The really big issue, though is standards. With the critical nature and broad uses of EHR, the standards issue looms very large and is not easy to resolve. Some industry and government groups are surely working on these issues, but I don't know if the process has matured. I doubt that Microsoft has a set of open standards for HealthVault.

Here's a good description of the problem from the Forbes article referenced below:

"There is no shortage of skeptics for a dozen reasons. "The concept behind it is dead on track, but it won't work very well" without a better way to integrate data from local doctors, predicts medical data guru Brent James, vice president for research at Utah's Intermountain Healthcare. The bottleneck, he says, is that there is no universal way to get blood test results, imaging scans and other basic data from thousands of local doctors and labs onto the Web.

"The intercommunications don't exist to get the data from where they now live into this central format and back out again to the physicians and nurses who would use them," James says."



In thinking about our health care conundrum (cost too high; quality not as good as it could be; private vs. public insurance; too many without coverage, etc.), I'm reminded of Milton Friedman's (a world-respected free market advocate and Nobel prize winning economist) answer to a question using health care in the U.S. as an example of the need for more market-based medicine.
Question: Is there an area here in the United States in which we have not been as aggressive as we should in promoting property rights and free markets?

Answer: Yes, in the field of medical care. We have a socialist-communist system of distributing medical care. Instead of letting people hire their own physicians and pay them, no one pays his or her own medical bills. Instead, there's a third party payment system. It is a communist system and it has a communist result. Despite this, we've had numerous miracles in medicine. From the discovery of penicillin, to new surgical techniques, to MRIs and CAT scans, the last 30 or 40 years have been a period of of miraculous change in medical science.

On the other hand, no one is happy: physicians don't like it; patients don't like it. Why? Because none of them are responsible for themselves. You no longer have a situation in which a patient chooses a physician, receives a service, gets charged, and pays for it. There is no direct relation between the patient and the physician. The physician is an employee of an insurance company or an employee of the government. Today a third party pays the bills. As a result no one who visits the doctor asks what the charge is going to be - somebody else is going to take care of that. The end result is third party payment and, worst of all, third party treatment.

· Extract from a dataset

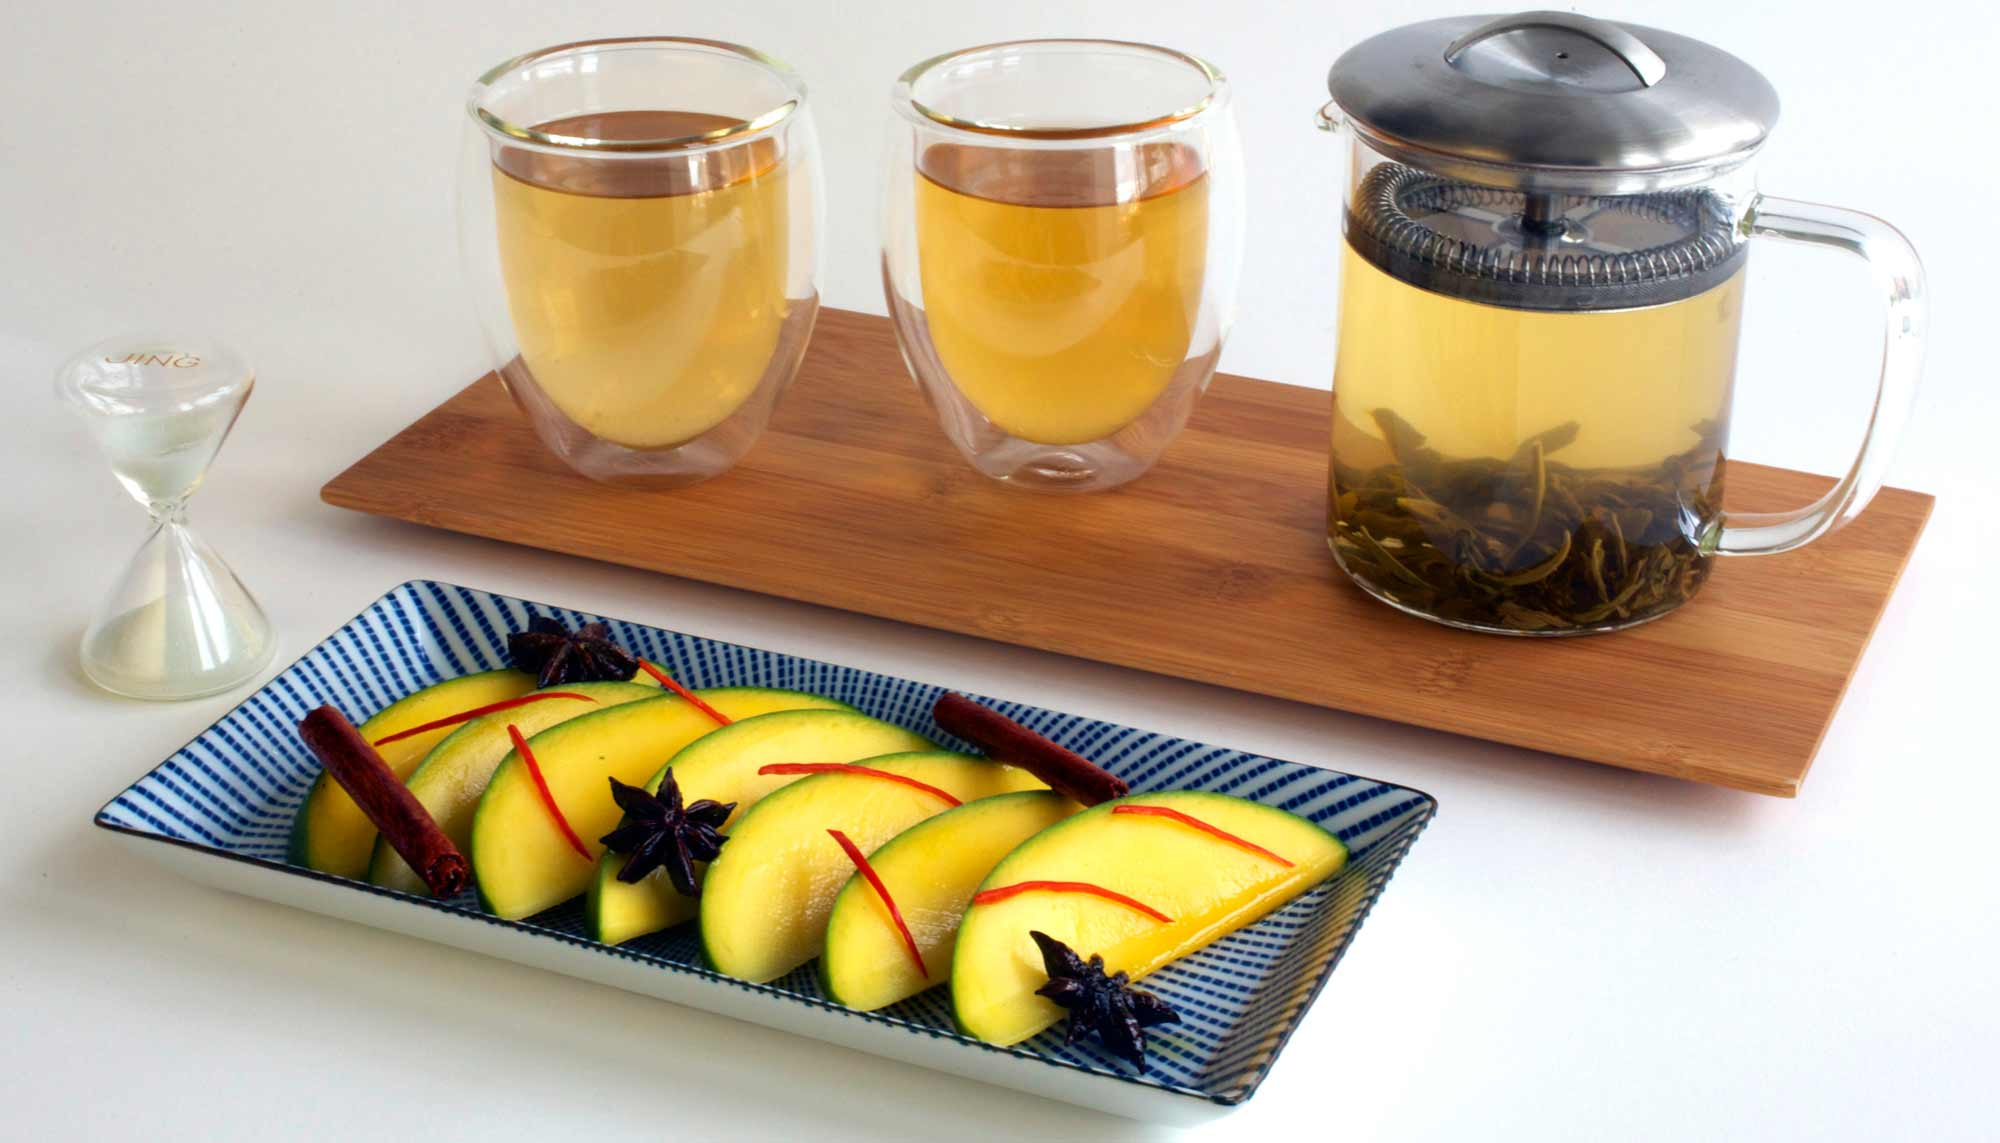 Tea-iere Set of Jasmine Pearls with Fresh Mango Dessert

Question: Following the recent expansion in prescription drug benefits and Medicare, what hope is there for a return to the free market in medical care?

Answer: It does seem that markets are on the defensive, but there is hope. The expansion of drug benefits was accompanied by the introduction of health savings accounts - HSAs. That's the one hopeful sign in the medical area, because it's a step in the direction of making people responsible for themselves and for their care. No one spends somebody else's money as carefully as he spends his own." *


HealthVault is a step in the direction of 'making people responsible for themselves.' I hope we can absorb this thinking, rather than trot down the gloomy path of 'socialized' medicine.


Update: 10/5/07

More here on HealthVault:

Microsoft: We’re good for your health by ZDNet's Mary Jo Foley -- Microsoft has been signaling its intentions to enter the health-records-management space for more than a year. On October 4, the company finally provided an official game plan of what it's readying on the health care software and services front.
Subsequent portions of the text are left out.